Helen Calcutt (born 27 March 1988), is a British poet, dancer, and choreographer.

Writing career 

Helen was one of the six poets selected to perform at the Commonwealth Games Opening Ceremony 2022, hosted in Birmingham. Her poem 'Mother, the city', written for the ceremony, was performed as part of its major opening scene 'Everything to Everybody', and was heard by over one and half billion people around the globe.

Calcutt is the author of three volumes of poetry. Her debut collection 'Sudden rainfall' was published by British publishing house Perdika Press when she was just 23 years old. It was a PBS Choice on publication and became Waterstone's best-selling pamphlet in 2016. Her most recent collection 'Somehow' was published by Verve Press in September 2020. It was a PBS Winter Bulletin Pamphlet, and Poetry School Book of the Year (2020, shortlist). 

Helen also writes for the Guardian, the Huffington Post, Poetry London, and the Wales Arts Review.

Dance 

Calcutt is also a professional dancer, performer, and choreographer. She has directed movement for theatre, site-specific productions, and independent film, working with a specialism in the conversation between text and movement.

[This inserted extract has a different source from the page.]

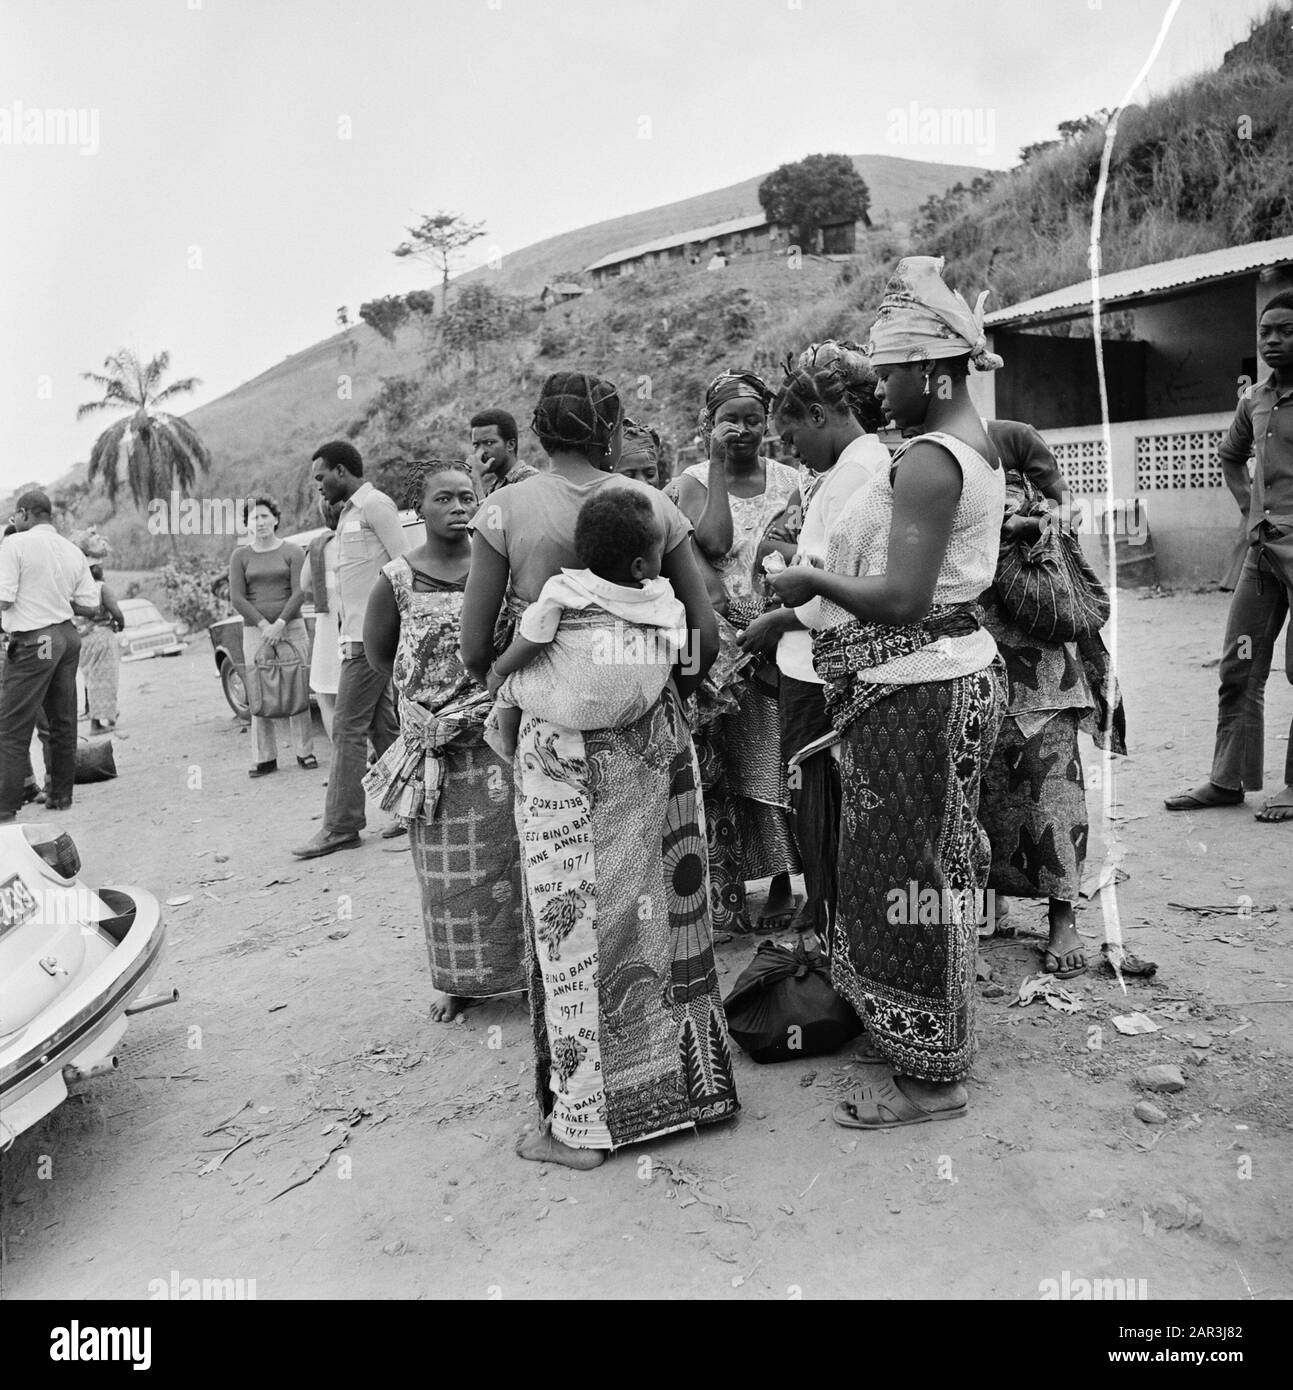 Zaire (ehemals Belgischer Kongo) Gruppe der Menschen auf dem Land Datum: 24. Oktober 1973 Ort: Kongo, Zaire Schlüsselwörter: Dorfleben, Straßen Stockfoto

Helen originally trained in jazz and commercial dance, before studying contemporary movement at Trinity Laban, and later moving into dance-theatre and movement direction. She is also a Latin and Cuban salsa dancer.

Activism 

Calcutt is an activist for mental health awareness, and male suicide prevention. She is the creator and editor of the acclaimed poetry anthology, 'Eighty Four' The title stands for the number of men who take their lives every week in the U.K.

The book was published by Verve Poetry Press (2019) was shortlisted for the Saboteur Best Anthology Award, 2019, and was a Poetry Wales Book of The Year 2019.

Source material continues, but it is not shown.